#### Data excerpt
[Start of Attachment]
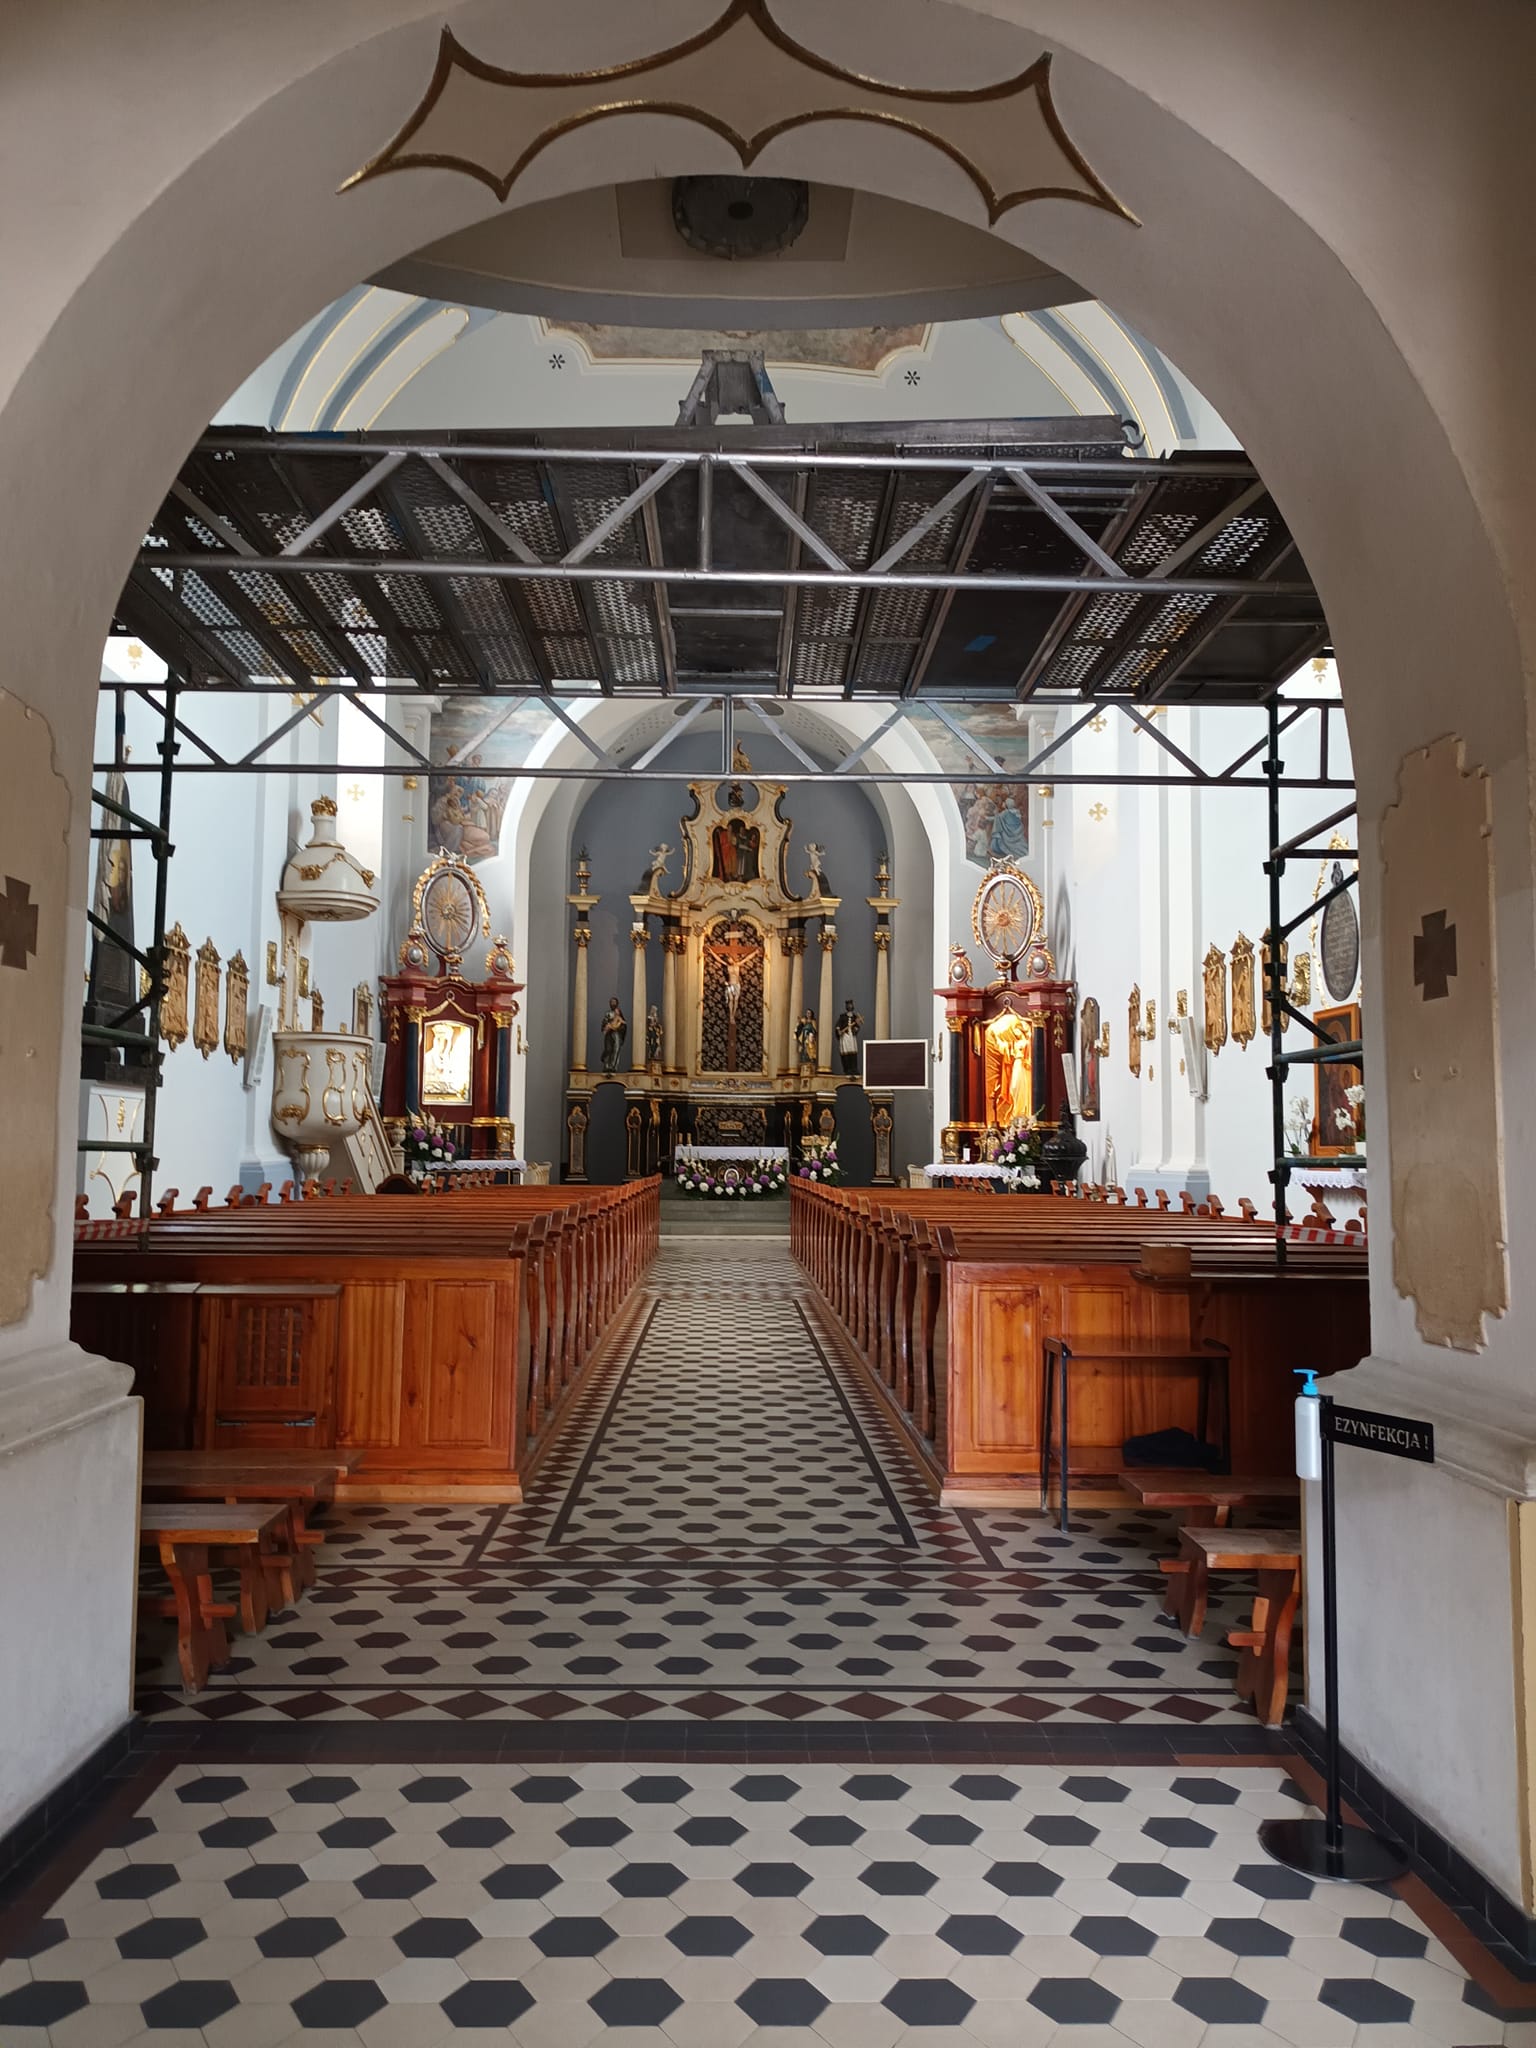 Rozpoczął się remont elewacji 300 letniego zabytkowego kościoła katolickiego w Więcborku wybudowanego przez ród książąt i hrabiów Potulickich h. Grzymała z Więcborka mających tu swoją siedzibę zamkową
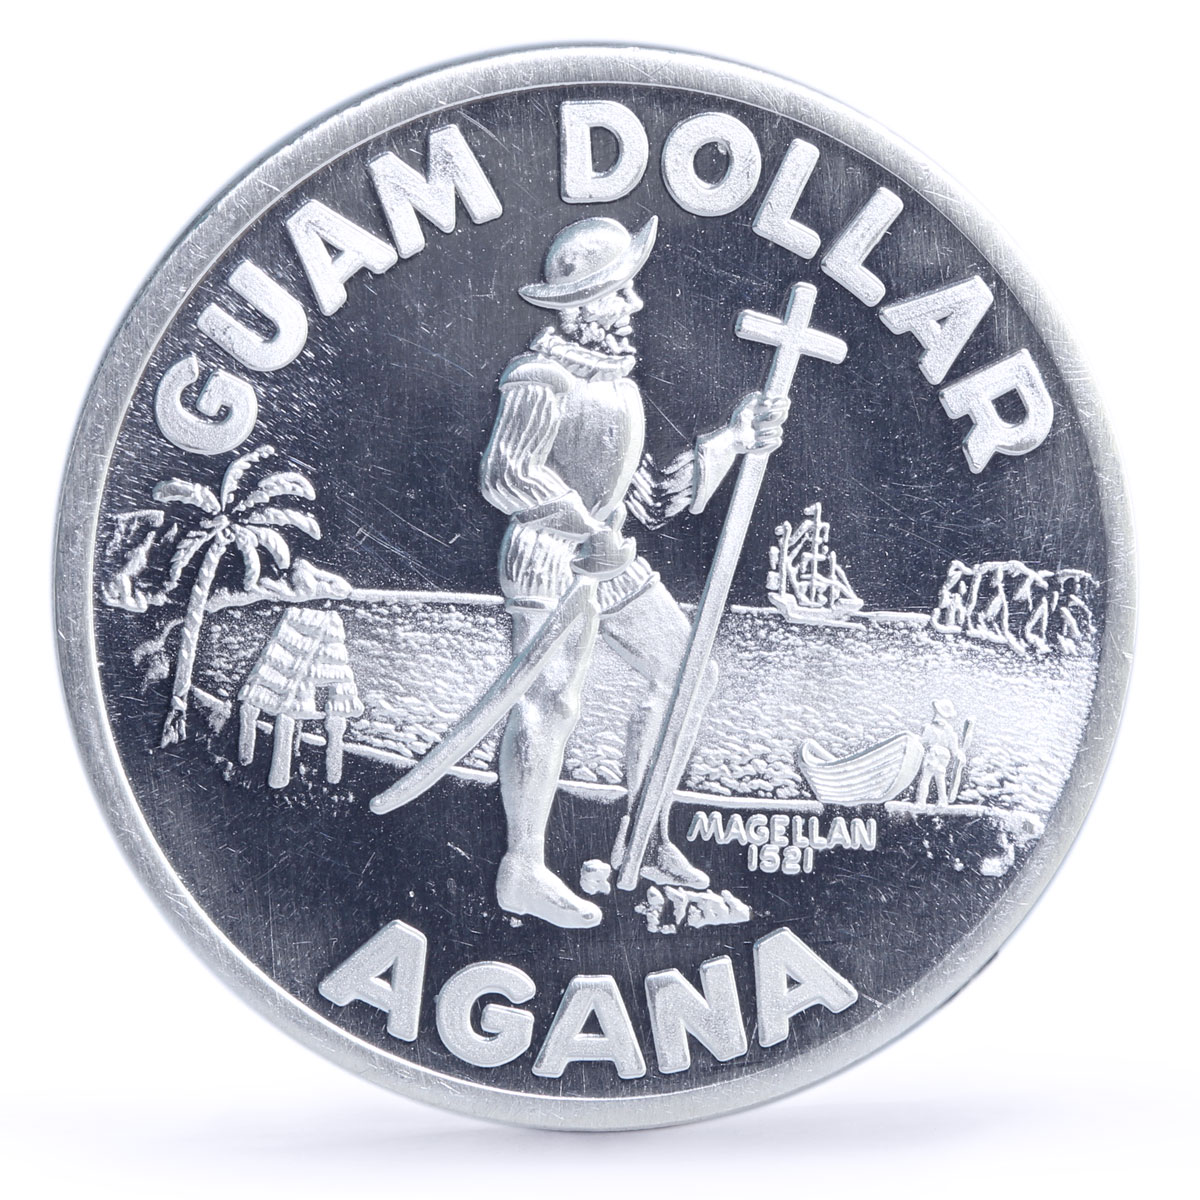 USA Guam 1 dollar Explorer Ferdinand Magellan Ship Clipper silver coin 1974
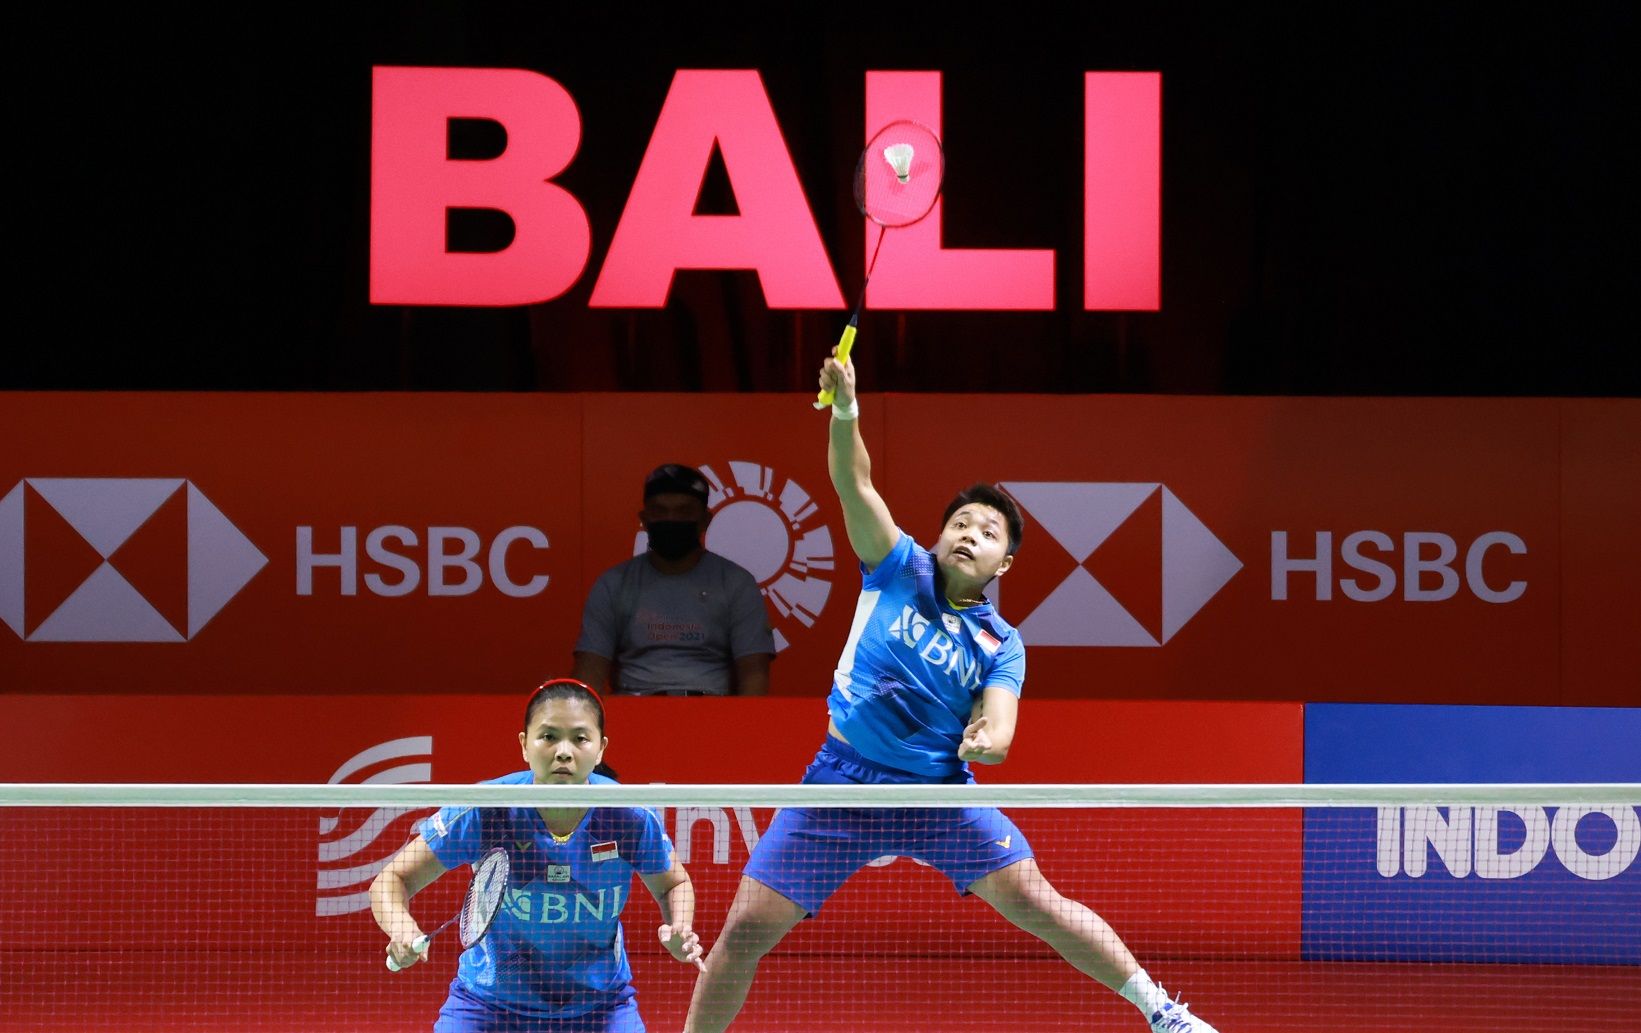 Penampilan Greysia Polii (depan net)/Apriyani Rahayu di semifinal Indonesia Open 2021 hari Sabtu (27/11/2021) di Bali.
[End of Attachment]
#### The task
Reprint the listing above verbatim but drop the images.

#### Output for this task
 Rozpoczął się remont elewacji 300 letniego zabytkowego kościoła katolickiego w Więcborku wybudowanego przez ród książąt i hrabiów Potulickich h. Grzymała z Więcborka mających tu swoją siedzibę zamkową
 USA Guam 1 dollar Explorer Ferdinand Magellan Ship Clipper silver coin 1974
 Penampilan Greysia Polii (depan net)/Apriyani Rahayu di semifinal Indonesia Open 2021 hari Sabtu (27/11/2021) di Bali.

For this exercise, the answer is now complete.